Common linked list patterns (runner technique) in Data Structures Theory - Time & Space Complexity
When working with linked lists, the runner technique helps us move through the list efficiently.
We want to know how the time needed changes as the list gets longer.
Analyze the time complexity of the following code snippet.
Node* slow = head;
Node* fast = head;
while (fast != nullptr && fast->next != nullptr) {
slow = slow->next;
fast = fast->next->next;
}
// slow now points to the middle node
This code uses two pointers moving at different speeds to find the middle of a linked list.
Identify the loops, recursion, array traversals that repeat.

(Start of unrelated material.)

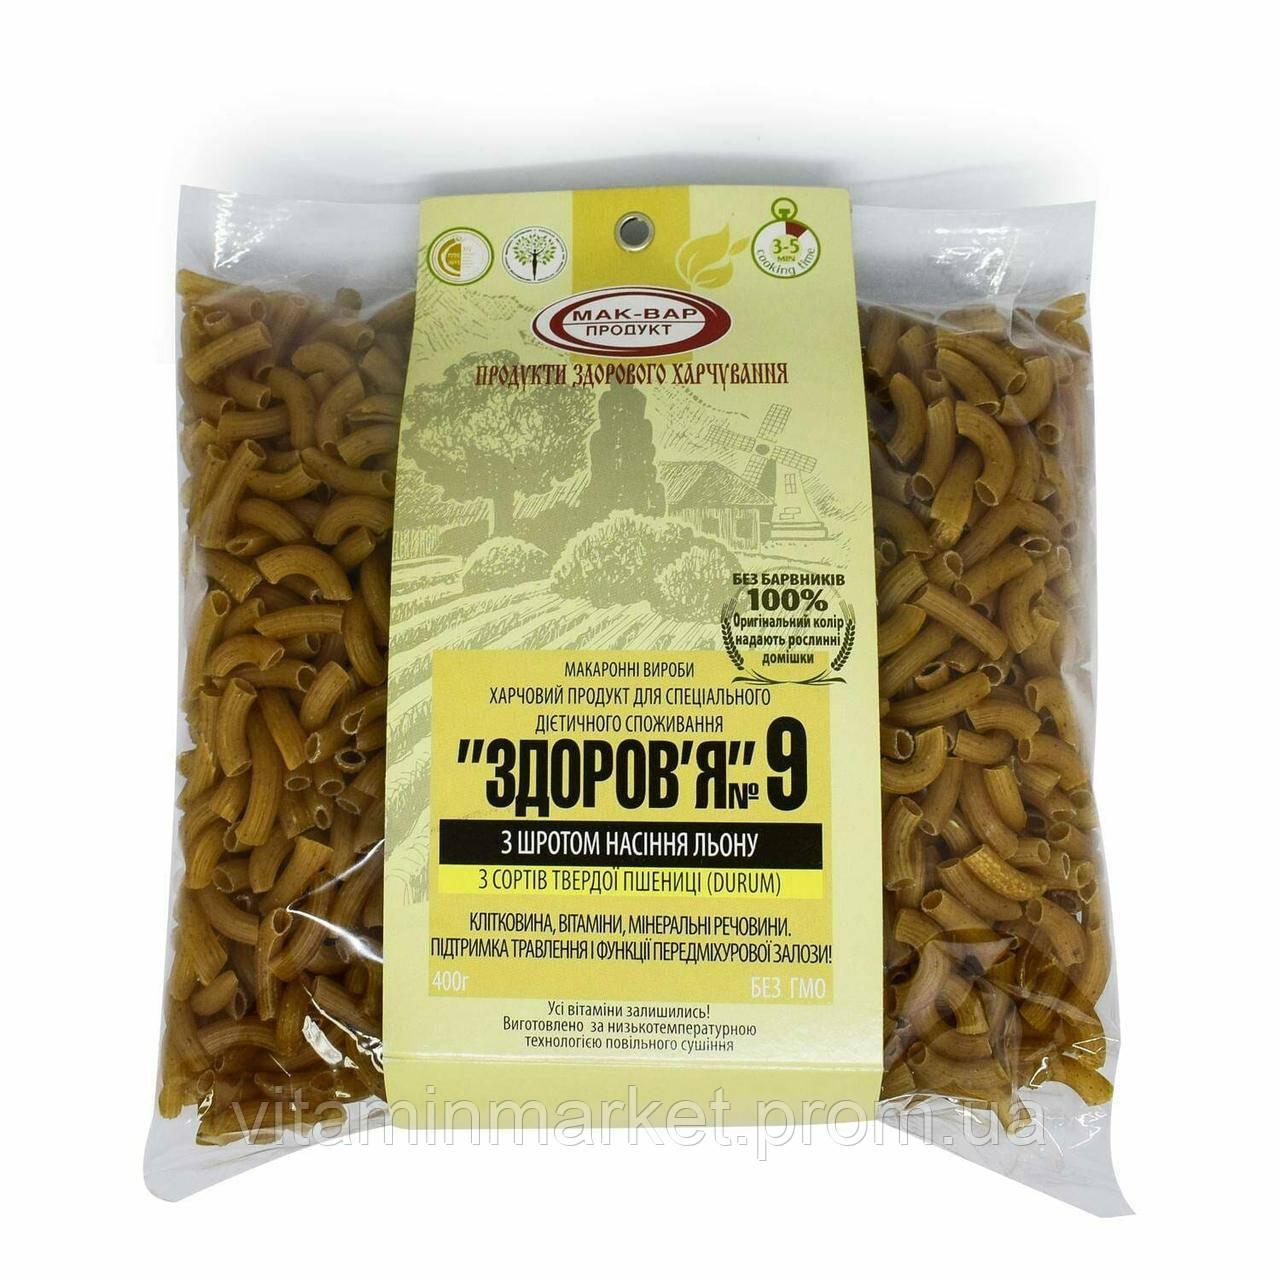 Макароны Мак-Вар Здоровье № 9 из твердых сортов пшеницы с шротом льна 400 г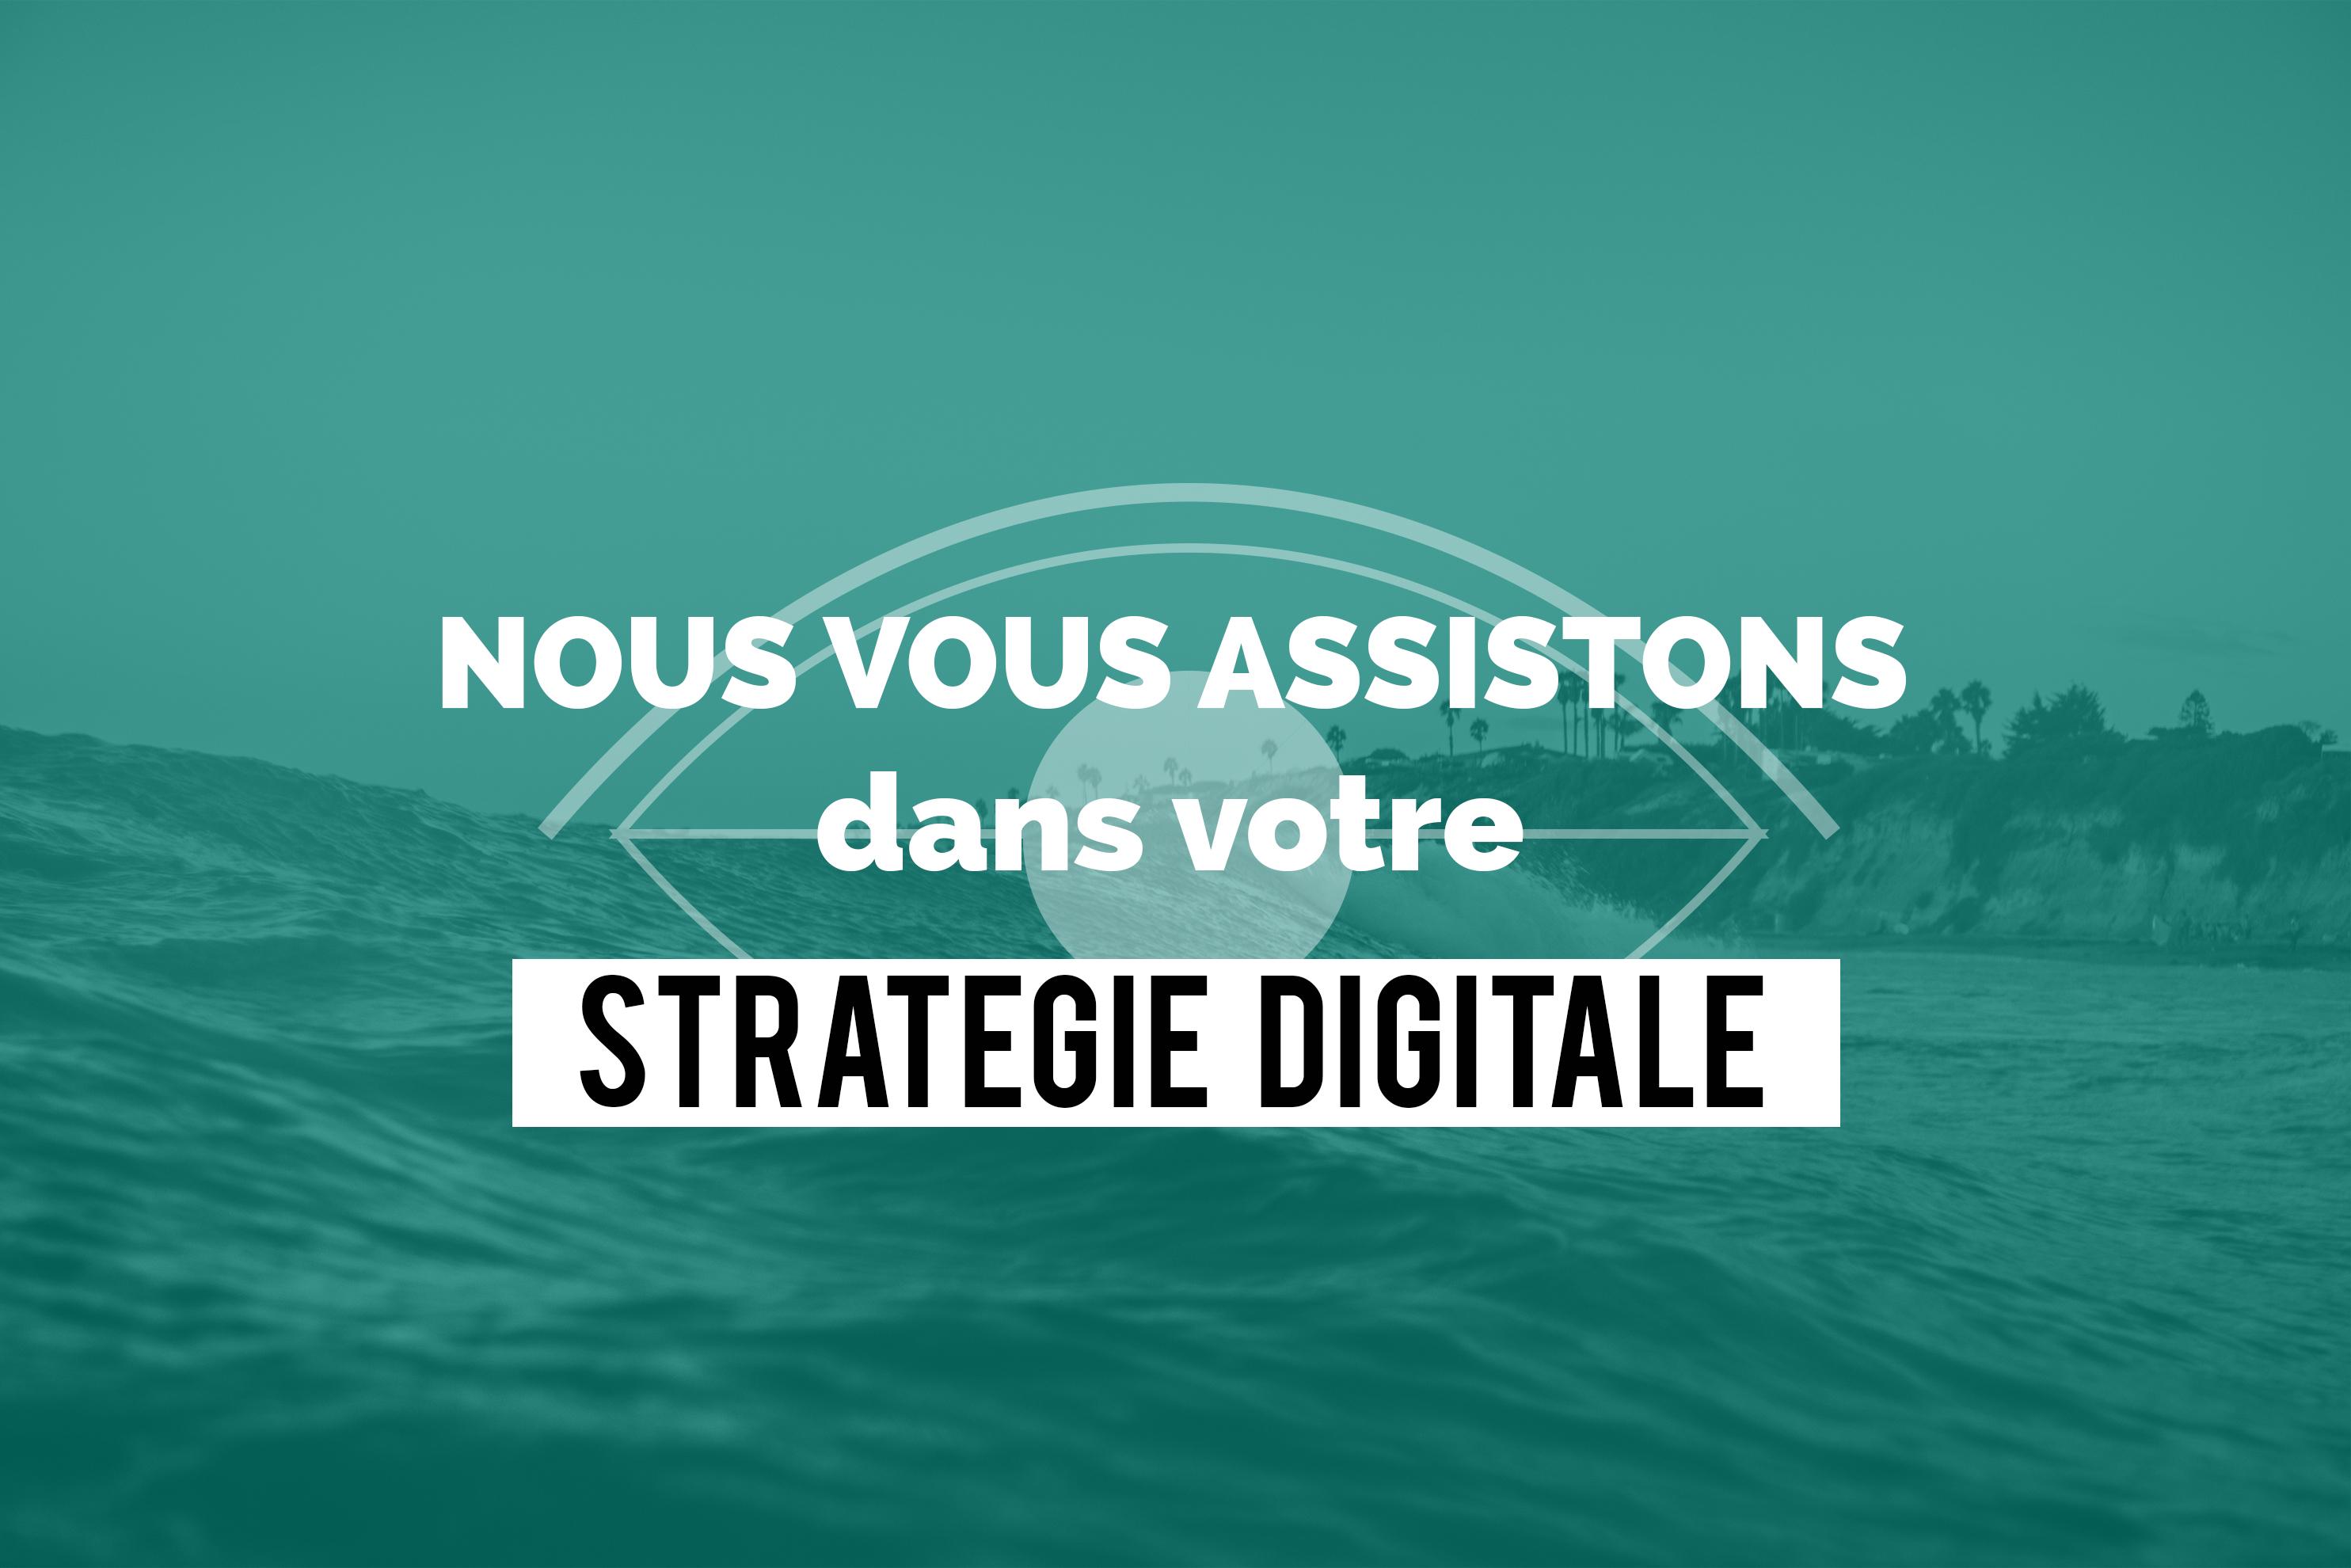 Nous vous assistons dans votre stratégie Digitale

- Primary operation: Moving the fast and slow pointers through the list.
- How many times: The loop runs about half the length of the list because fast moves two steps each time.
As the list gets longer, the loop runs more times, but only about half as many as the list length.
| Input Size (n) | Approx. Operations |
|---|---|
| 10 | 5 |
| 100 | 50 |
| 1000 | 500 |
Pattern observation: The number of steps grows roughly in direct proportion to the list size.
Time Complexity: O(n)
This means the time to find the middle grows linearly as the list gets longer.
[X] Wrong: "Because the fast pointer moves two steps, the time complexity is O(n/2), which is faster than O(n)."
[OK] Correct: We ignore constants in time complexity, so O(n/2) is the same as O(n). The time still grows linearly with input size.
Understanding the runner technique shows you can handle linked lists efficiently, a common skill interviewers look for.
"What if the fast pointer moved three steps at a time instead of two? How would the time complexity change?"